Share your dilemmas and get honest opinions from other Mumsnetters.

To be sad about lack of attention as I age?

256 replies

DogDaysArentOver · 12/10/2023 11:37

Hi,

I think this is probably quite a 'normal' feeling, but I do kind of judge myself for caring so much.

I'm 40 next year, so a bit of a milestone, but I know I'm not old. However, I used to get quite a lot of attention, which tbh I didn't always like. In fact, most of the time it would make me feel uncomfortable, but there's a difference between being leered at, wolf whistled etc and just that second or third glance.

That's what I miss. Just that simple look of interest. It happens very occasionally now and once again, I judge myself for the little boost it gives me. It doesn't even have to be someone I find attractive. It's just nice to be noticed and not feel invisible!

Why do I pin so much on this?
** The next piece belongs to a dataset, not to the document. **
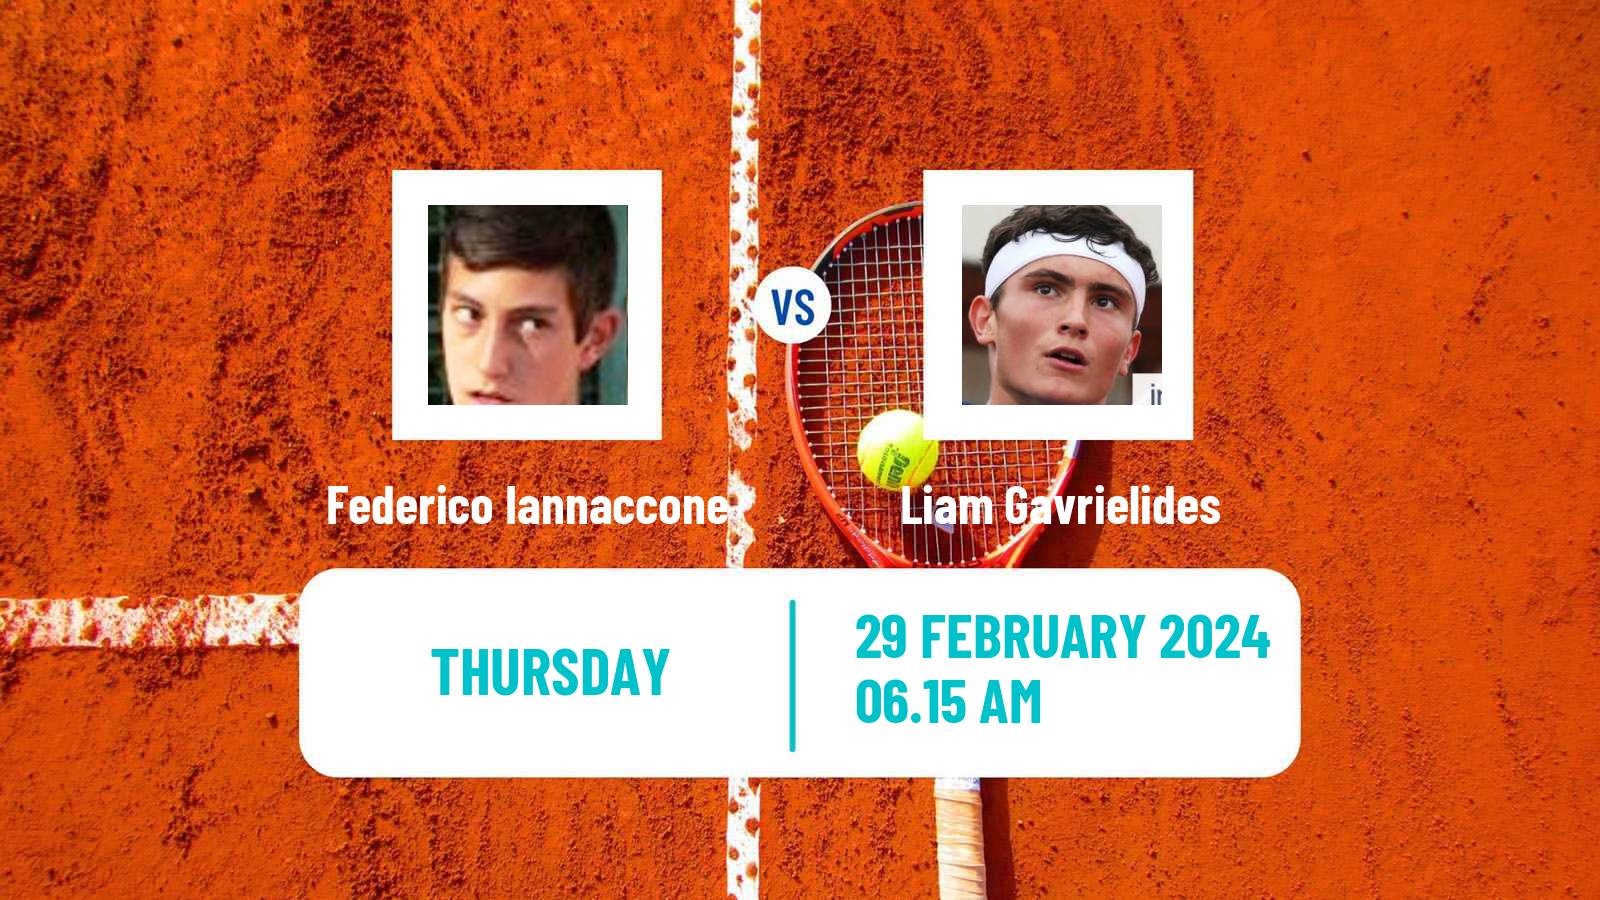 Tennis ITF M15 Villena 2 Men Federico Iannaccone - Liam Gavrielides

I'm married. I'm settled and not looking for anyone else, so why do I crave that little acknowledgement that I'm still an attractive and desirable woman. I mean, I think I look alright and dare I say, good for my age, but as soon as I stopped looking really young and full of collagen, I basically turned into a ghost.

So, aibu by caring so much? Does anyone relate?...

OP posts:
CarpetLady · 16/10/2023 14:23

I don’t think this is just to do with your looks, OP. It’s also a change in social mores- 20 years ago men were more likely to check a woman out openly. Now that’s seen as a pretty creepy thing to do and so the only men who do it much are the creeps. A man not checking you out doesn’t mean he doesn’t fancy you, nor that he does. He may think you’re stunning, he may not even have noticed you. Who cares, go about your life.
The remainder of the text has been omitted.